Crane Company (CR) reported trailing twelve months revenue of $2.44B as of March 2026, a 15.1% increase year-over-year. Quarterly revenue reached $696.40M, reflecting continued top-line momentum.
Crane Company generated $326.60M in TTM net income, with quarterly EBITDA of $128.20M. The operating margin contracted from 18.1% to 14.4%, suggesting rising cost pressures or pricing headwinds.
The spread between operating margin (14.4%) and net margin (9.6%) indicates tight cost control with minimal non-operating drag. Net margin has narrowed from 19.2% a year ago, reflecting increased costs or interest expense.
CR trades at a P/E of 28.4x (in line with broad market averages) and a P/S of 3.8x. The price-to-book ratio of 4.4x reflects a moderate premium to book value.
The company reported negative free cash flow of $-40.20M, indicating cash consumption over the period. The balance sheet shows $4.05B in total assets with $1.19B in long-term debt against $2.10B in stockholders equity for a debt-to-equity ratio of 0.6. Data based on the most recent quarterly reports.
Competitive analysis based on 13 quarters of fundamental data
Operating margins are stable at ~17.4%, suggesting durable pricing power and cost discipline.
Consistently high ROE averaging 18.3% suggests a durable competitive advantage and efficient capital allocation.
6 of the last 8 quarters generated positive FCF. The company generally funds itself but has occasional cash consumption quarters.

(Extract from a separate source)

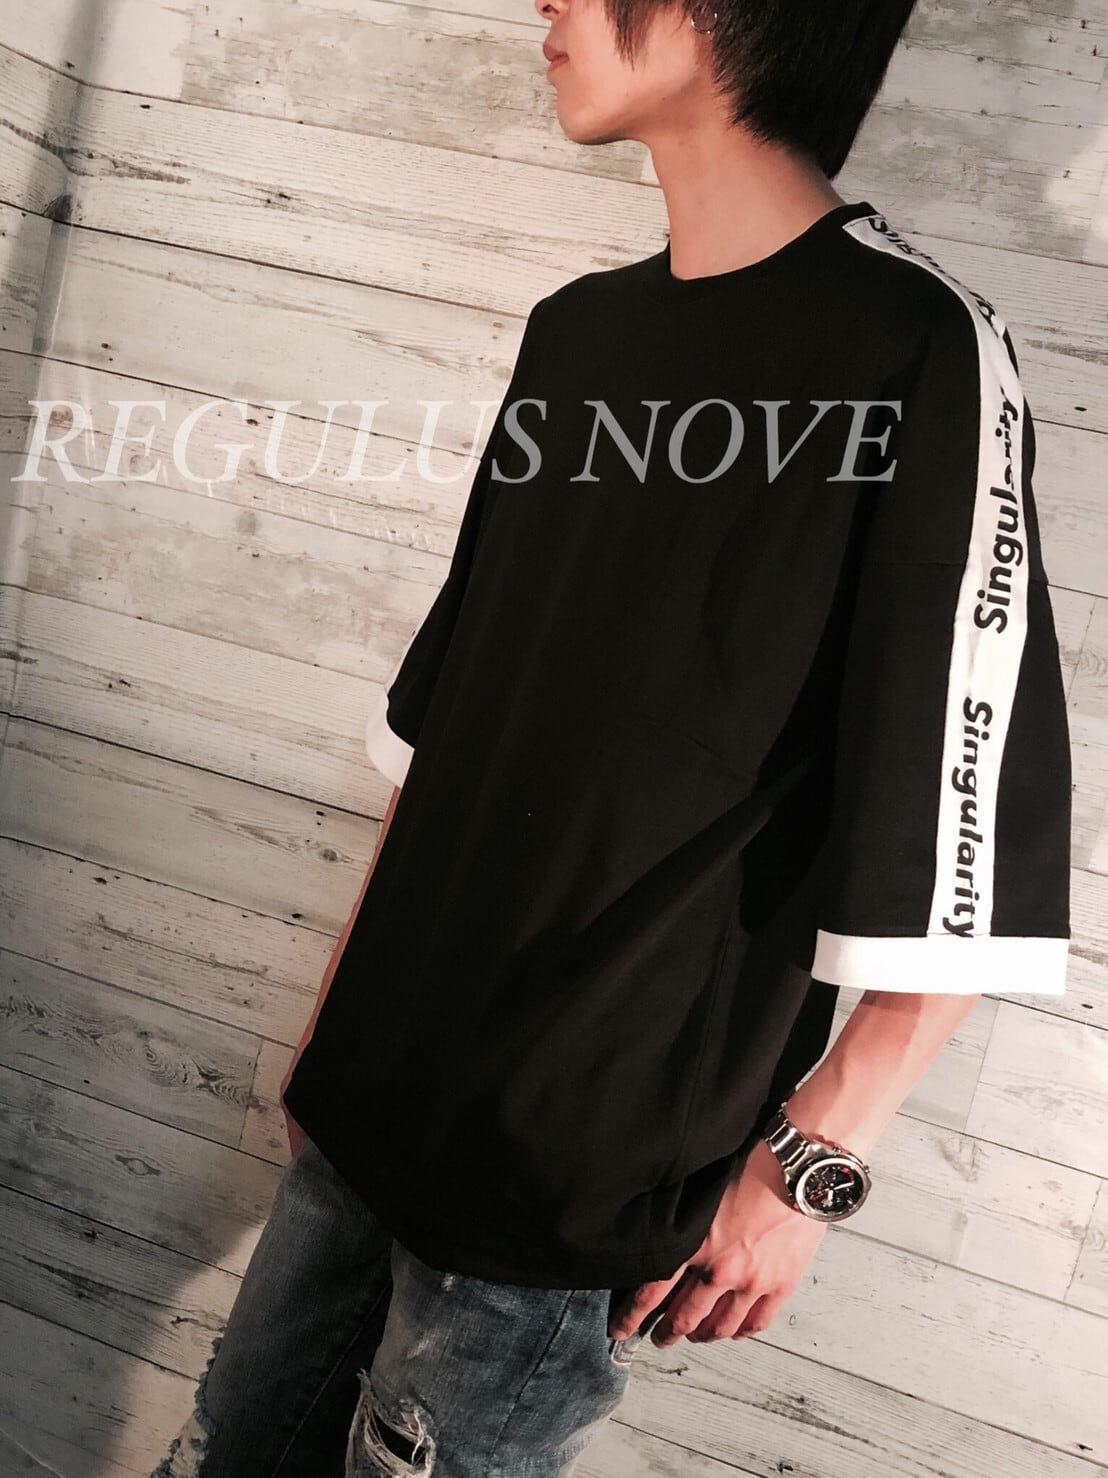 REGULUS NOVE ドルマンスリーブラインBIGT BLACK ユニセックス レディース メンズ オーバーサイズ 大きいサイズ 派手 個性的 ストリート ロック

Revenue shows resilience with 4 of 7 quarters posting growth — demand is generally stable but has seen some soft patches.
Data-driven red flags and warnings across 13 quarters
Margins are stable or improving at ~17.5% — no sign of cost or pricing stress.
FCF covers net income by 0.9x on average — earnings are well-supported by cash generation.
Debt-to-equity has risen 239.4% recently — increasing financial risk even if the current ratio is manageable.
Revenue is stable or growing over recent quarters — demand appears durable.
FCF turned negative in 2 of the last 8 quarters — occasional cash consumption.
Share count is stable — no significant dilution or buyback activity.